Les Leçons sur la jurisprudence sont issues de notes du
cours de philosophie morale professé par Adam Smith
de 1762 à 1764 à l'Université de Glasgow. Alors que
les autres parties de ce cours ont trouvé leur accomplissement
dans La théorie des sentiments moraux de 1759 et dans La richesse des
nations de 1776, ces notes d'étudiants restent l'unique témoignage
d'une théorie de la justice élaborée à partir de la lecture critique
de l'école hollandaise du droit naturel.
Ces Leçons proposent un commentaire synthétique de la théorie
de la justice exposée par Hutcheson en 1742 dans son Philosophiae
moralis institutio compendiaria. Smith se réfère à différentes traditions
juridiques parmi lesquelles il s'efforce le plus souvent de faire
ressortir l'originalité de la common law dans laquelle il voit
le véritable droit naturel. La possibilité d'une justification
intersubjective des attentes mutuelles, mise à l'épreuve du
point de vue du spectateur impartial, tient lieu, pour le droit
privé, du fondement assurant que la nature rejoint la justice.

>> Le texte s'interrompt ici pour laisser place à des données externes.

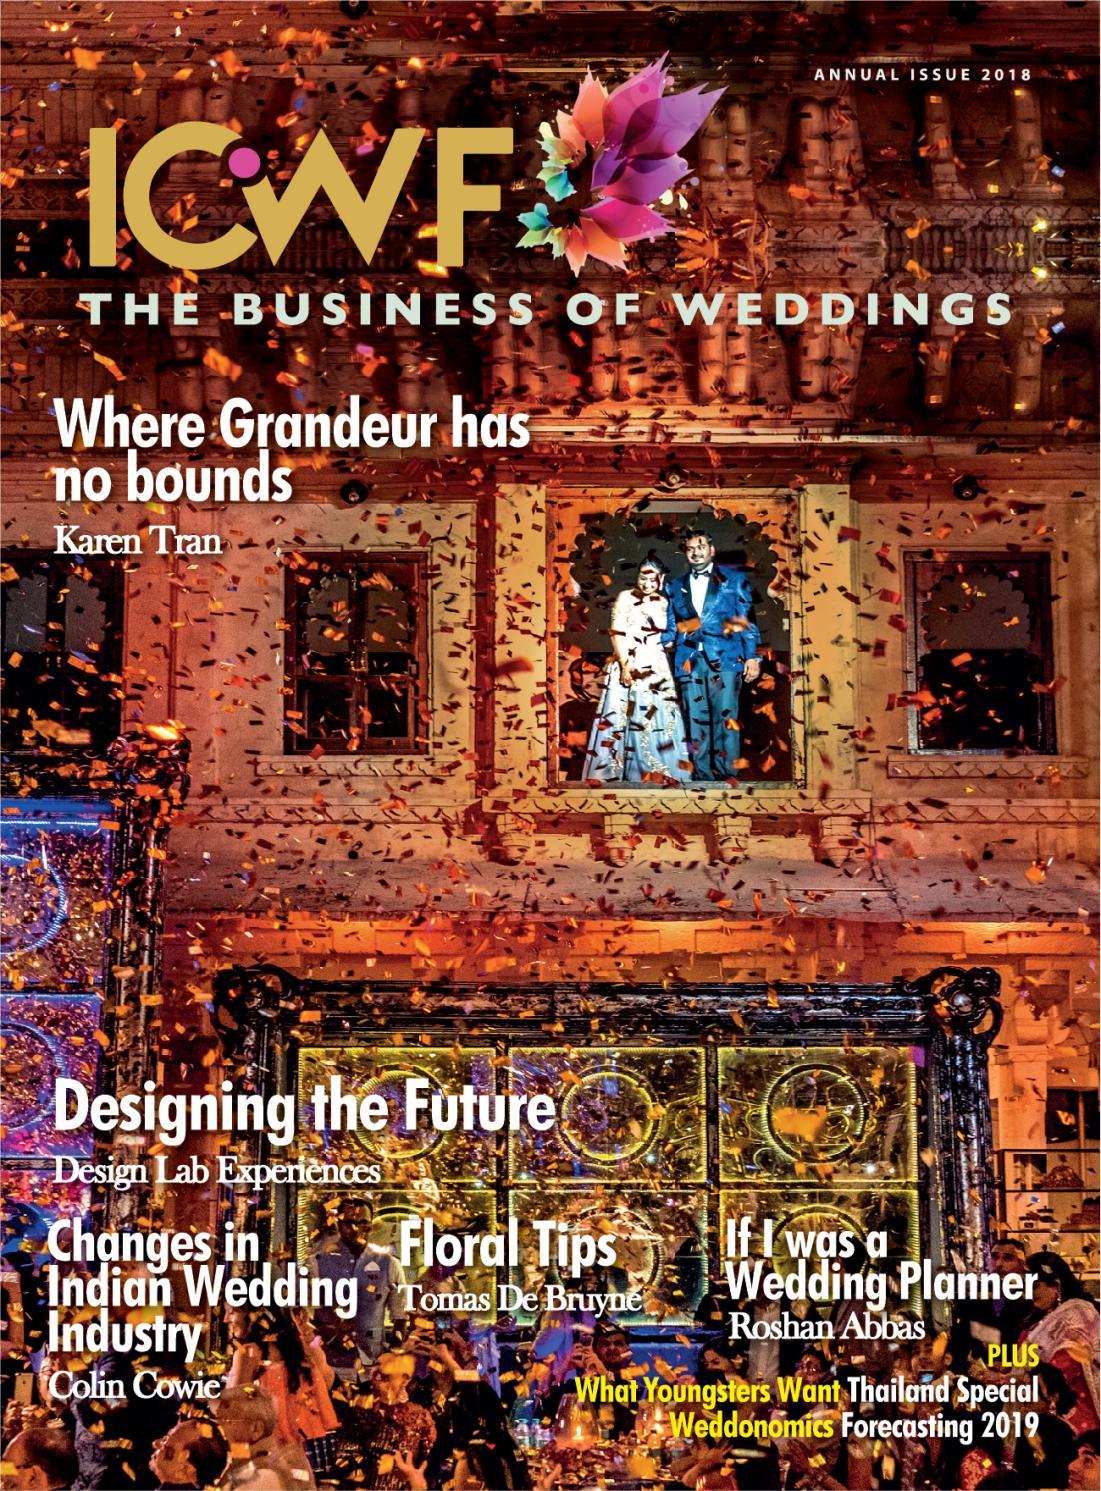 Icwf The Business Of Weddings By Mandeepscontact Issuu
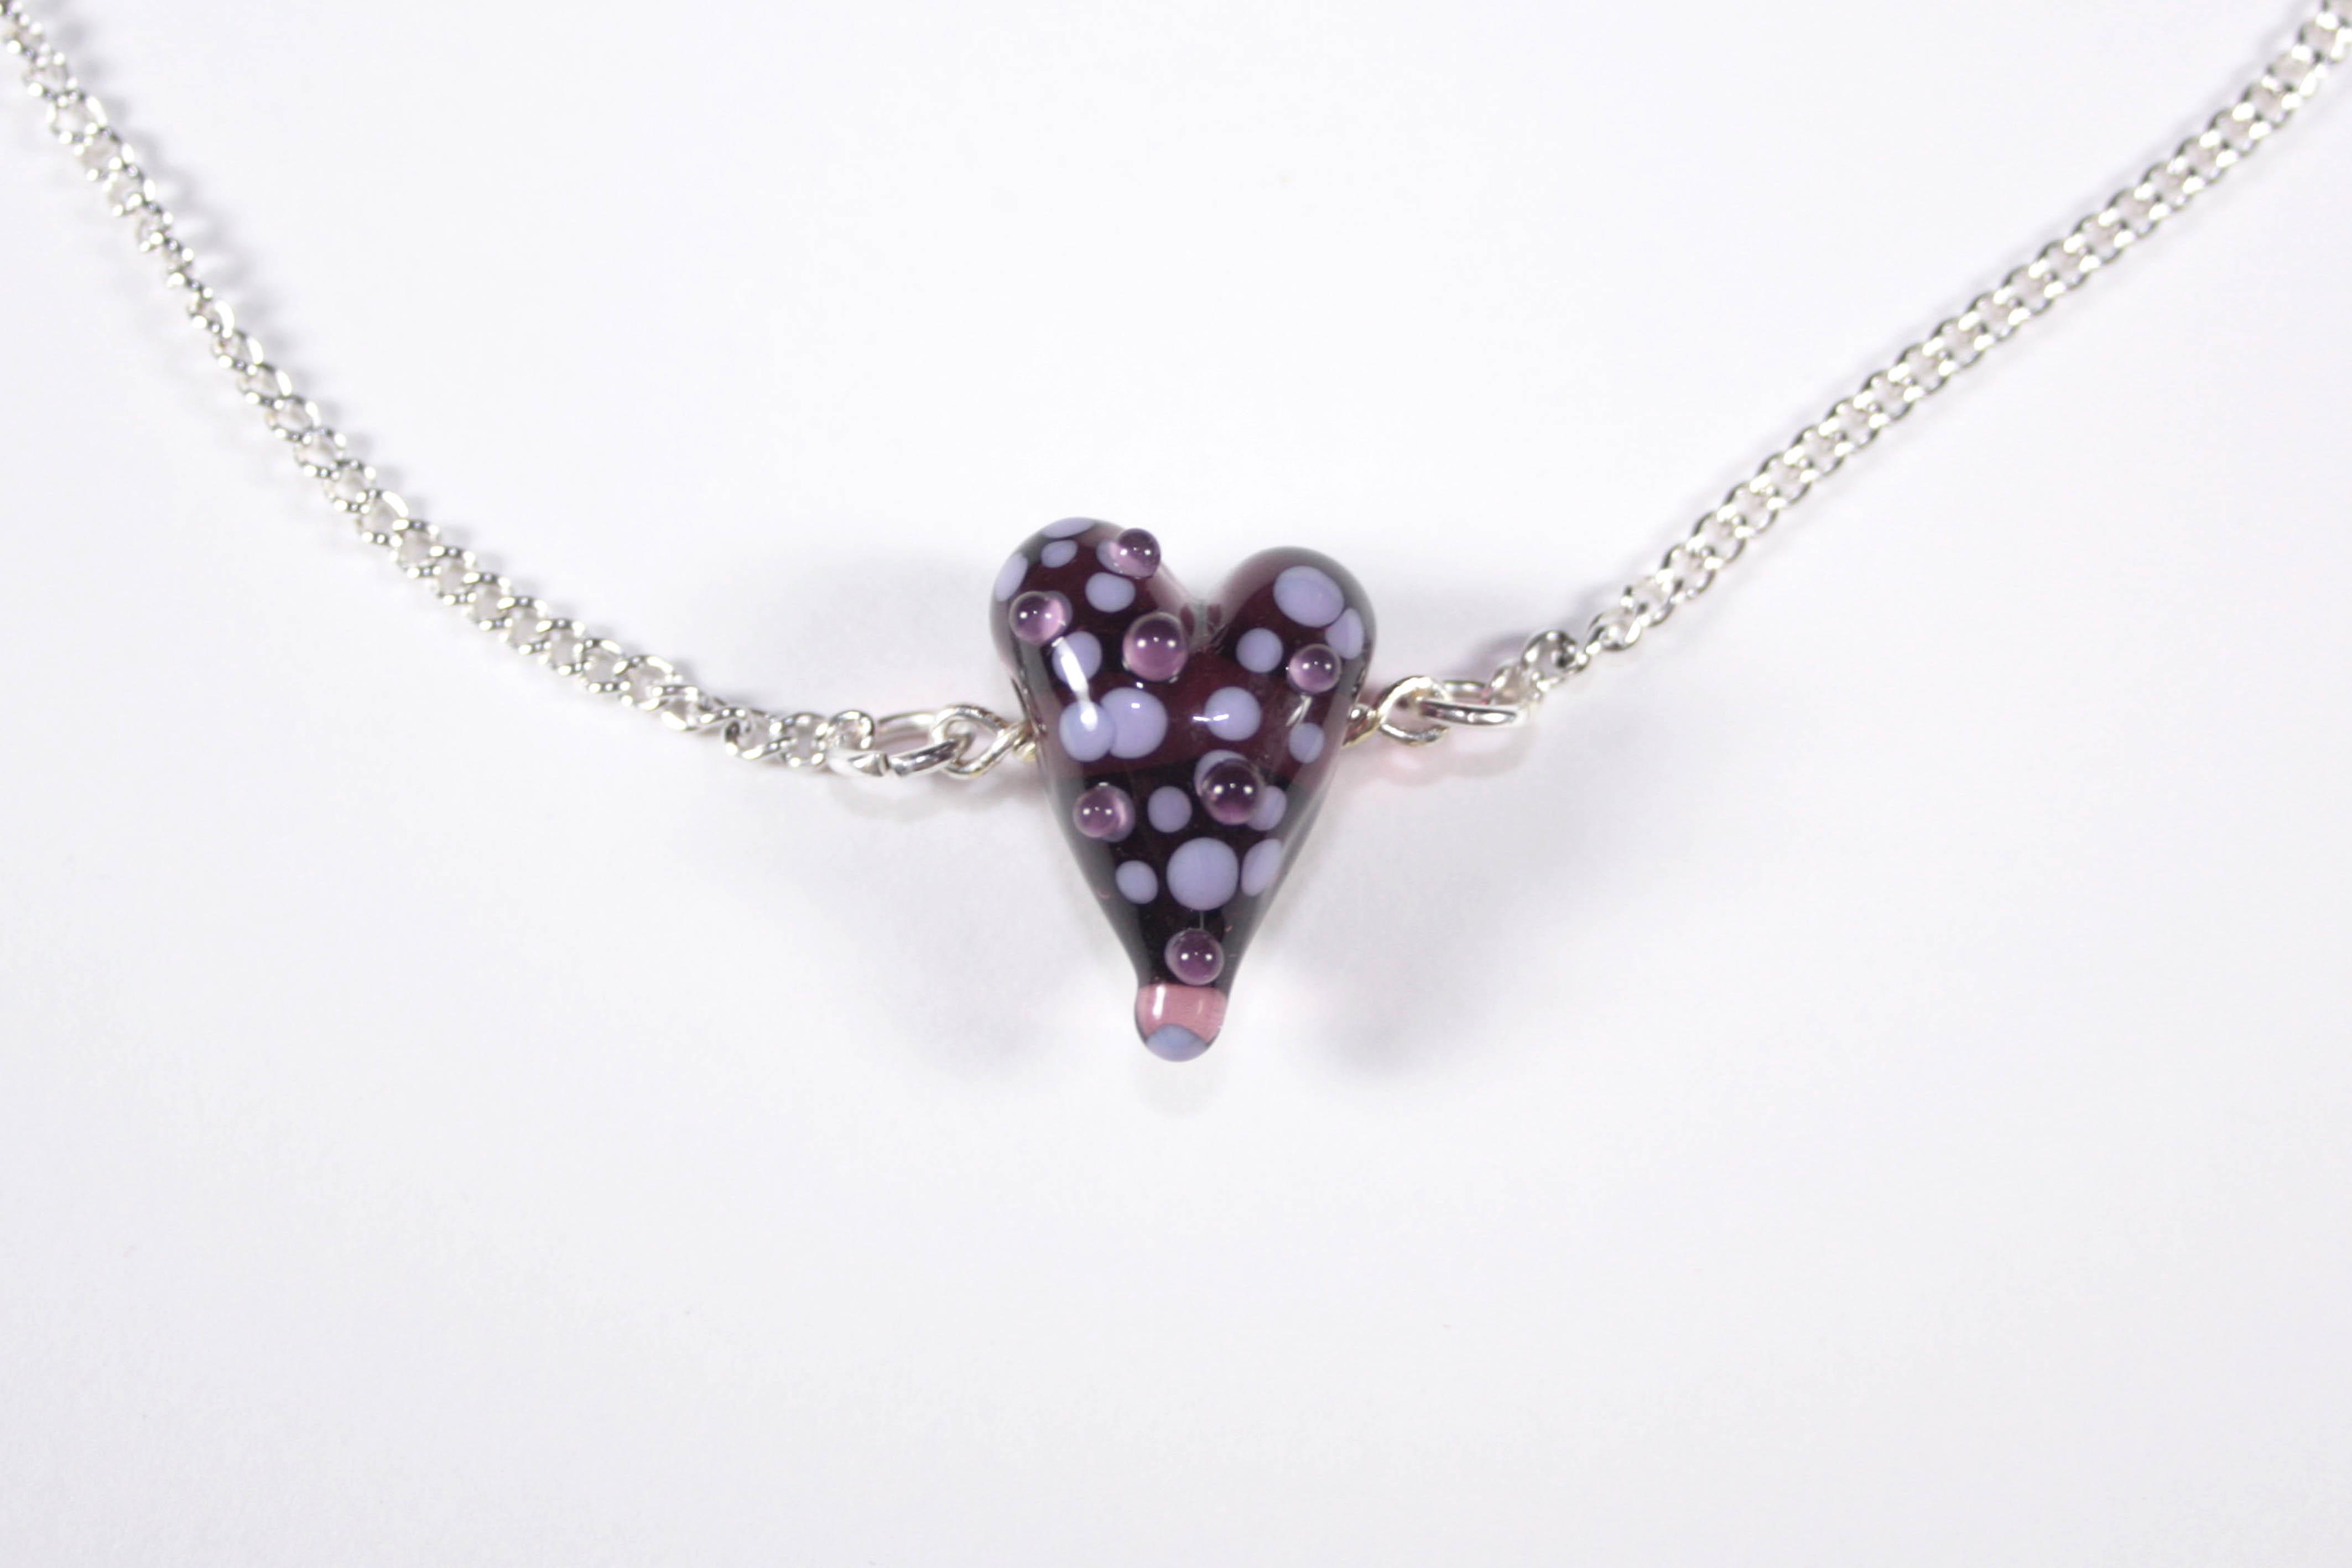 Purpleheart-3.2.14

Par ailleurs, l'histoire devient l'instrument analytique qui permet,
en reformulant certains a priori conceptuels et en s'efforçant de
réinscrire la genèse de la norme de droit dans l'infrastructure
sociale, de proposer une issue à l'alternative opposant les théories
jusnaturalistes et le conventionnalisme juridique. Ces pages
soulignent l'importance de la pensée de Hume et témoignent
de l'état d'avancement des idées de Smith sur l'économie politique
à une époque où son maître ouvrage était encore à l'état d'ébauche.
Dans cet ouvrage qui permet de faire la synthèse de l'oeuvre publiée,
on pourra ainsi découvrir en quoi l'interrogation sur le juste
n'est pas séparable d'une anthropologie historique.